Here’s the grading scale:

- If you have at least 3 answers that are (a) or (b), you might like RABID.  



- If you have 3 or more (e) answers, you definitely won’t like it.
- The (c) and (d) answers were just other stuff that doesn’t correlate one way or the other.

I’m not trying to scare anybody away or be a snot. I didn’t write this to be elitist. (I don’t have to try. It comes naturally.)

More importantly, I have talked with quite a few readers who liked RABID and a few who hated it. I appreciate them all taking their time to read it. The people who “got” RABID and liked it generally are quite intellectually accomplished. They have impressive CVs. They read widely, and they read the hard stuff.

It’s not surprising that people who like RABID tend to read a lot of the same authors that I do.

The people who hated it don’t like their beliefs challenged or they don’t like to think too much.

I don’t want people to read my book and hate it or even to slog through it. So don’t read RABID if you’re not going to like it.

The world is full of books that are right for you. Not only are there more and more books being published now, but they’re more and more available than ever, and classics and backlist and out of print books are now easily available.

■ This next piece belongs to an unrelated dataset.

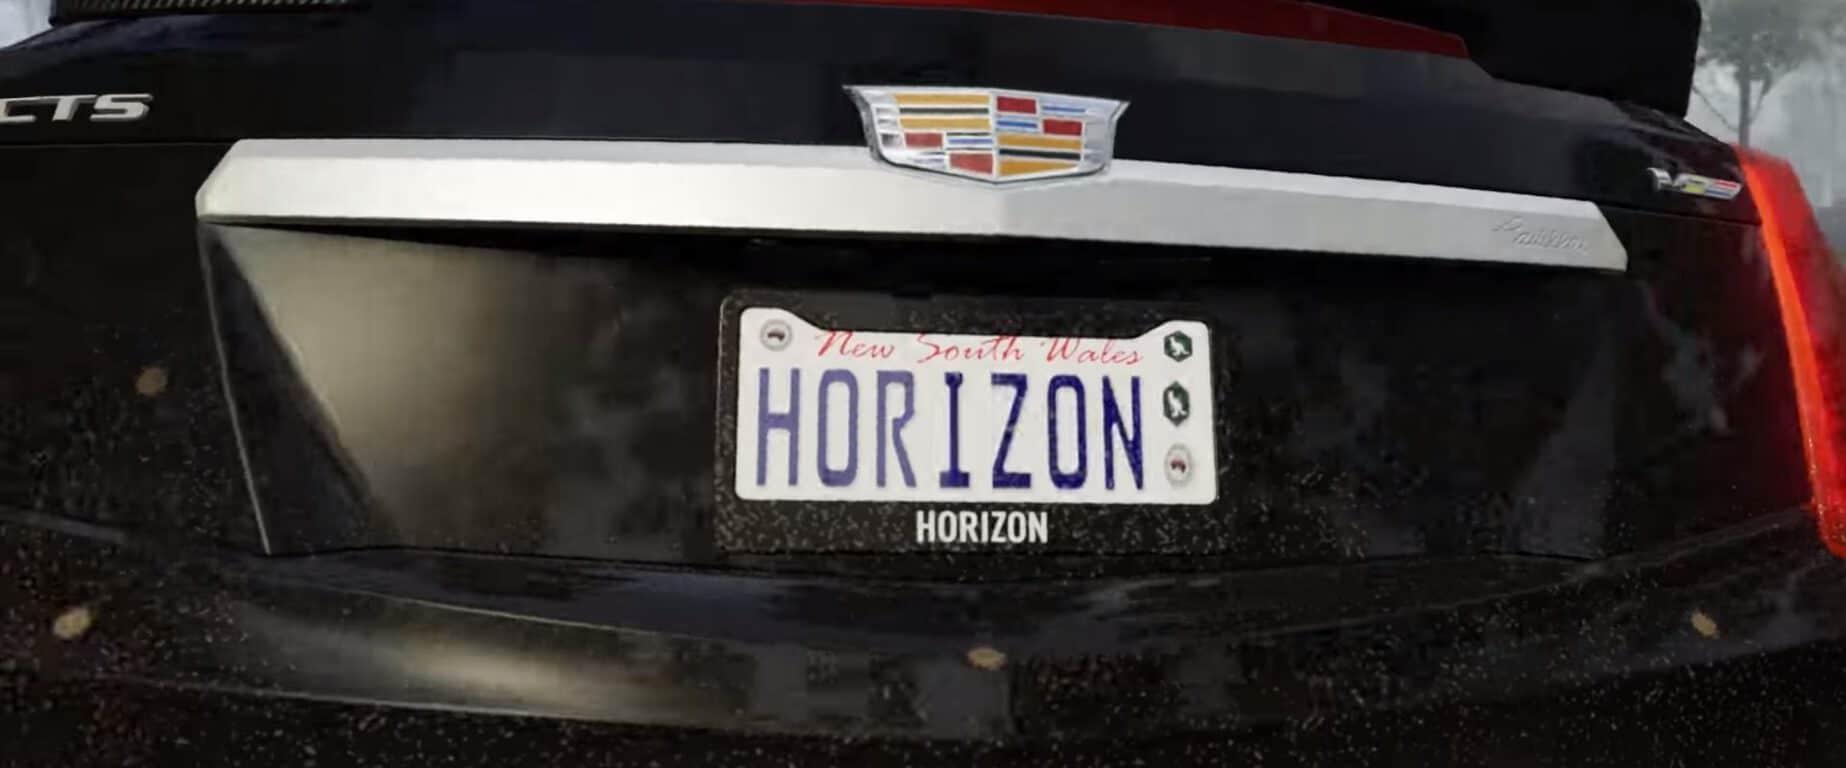 That massive 53 GB Forza Horizon 3 update on Windows 10 was an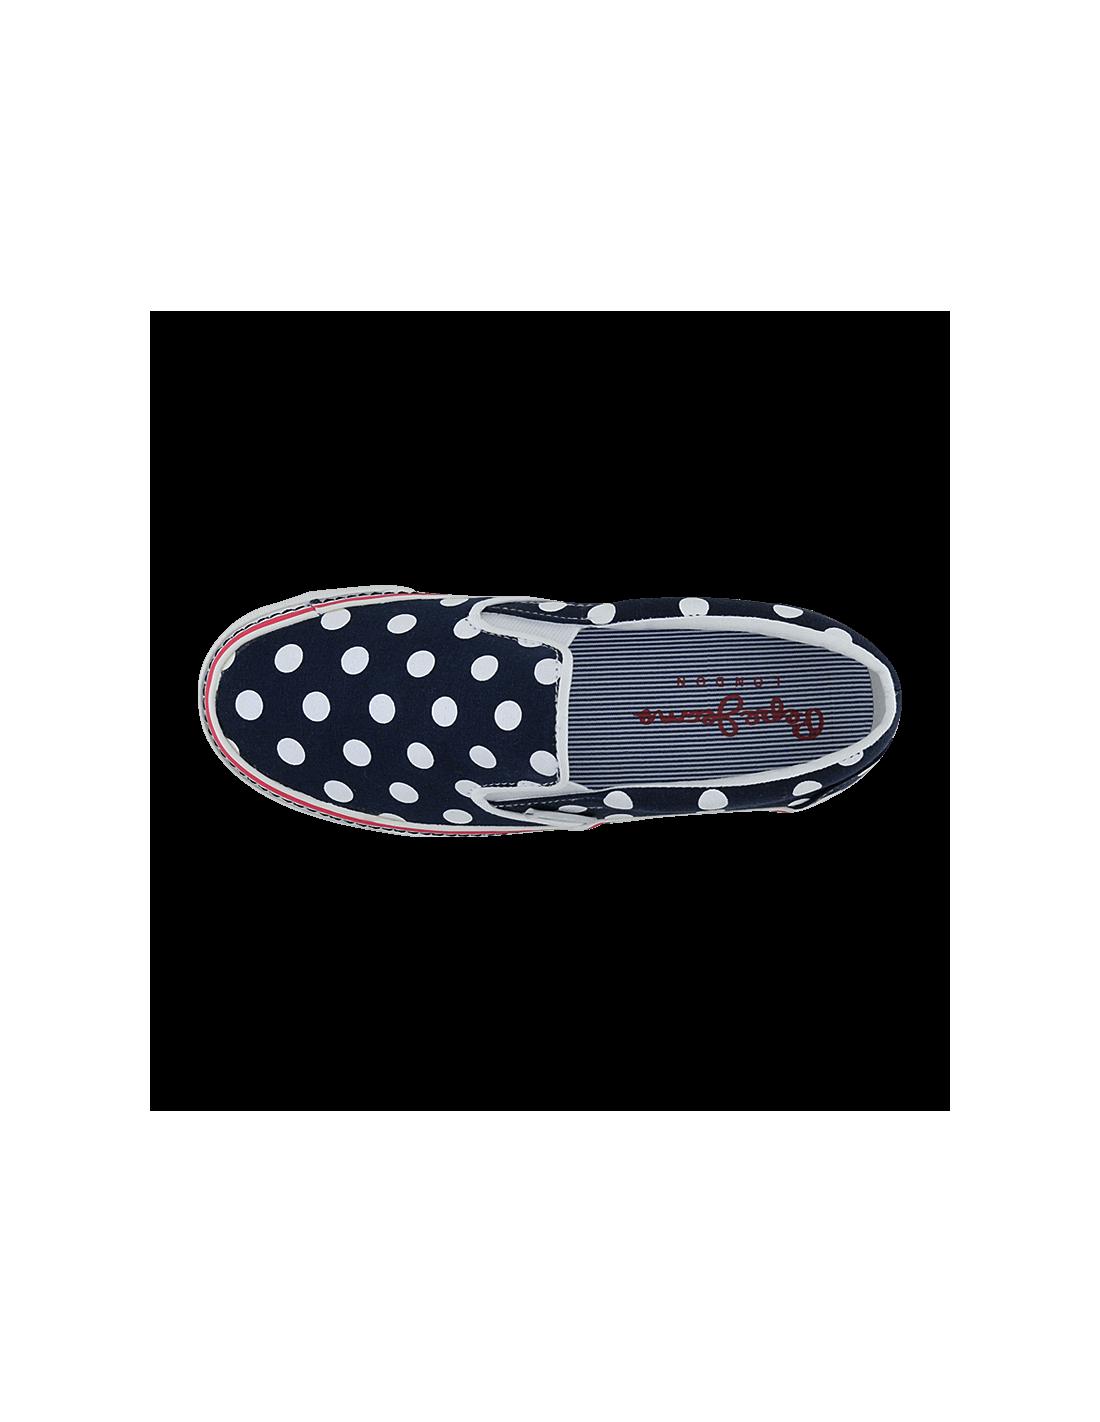 6b838cd8872 ... Pepe Jeans Γυναικεια Sneakers pls30146 Castiello Μπλέ Πουά ...

Our reading choices have expanded at least 1000-fold in the last decade. That’s marvelous! That’s incredible! Go read something you’ll love!

You should read books that speak to you, that resonate with you.

Don’t read books that fit you badly. It’s like wearing too-small underwear or eating food that you don’t like, even if it is supposed to be good for you.

The novel that I’m writing right now, Selling Handcuffs, will be more accessible. It will still challenge you, but it is meant for a wider audience. If you won’t like RABID, I hope that you’ll wait for Selling Handcuffs and try that one. It will probably be out before Christmas.

By the way, those authors on #3? I am not “lumping myself in” with any of those incredible authors, but they’re my major influences. I’m also not denigrating the other authors in answers (c) and (d). I just looked at my bookshelves and randomly assigned names to these answers. I like all of them very well, too.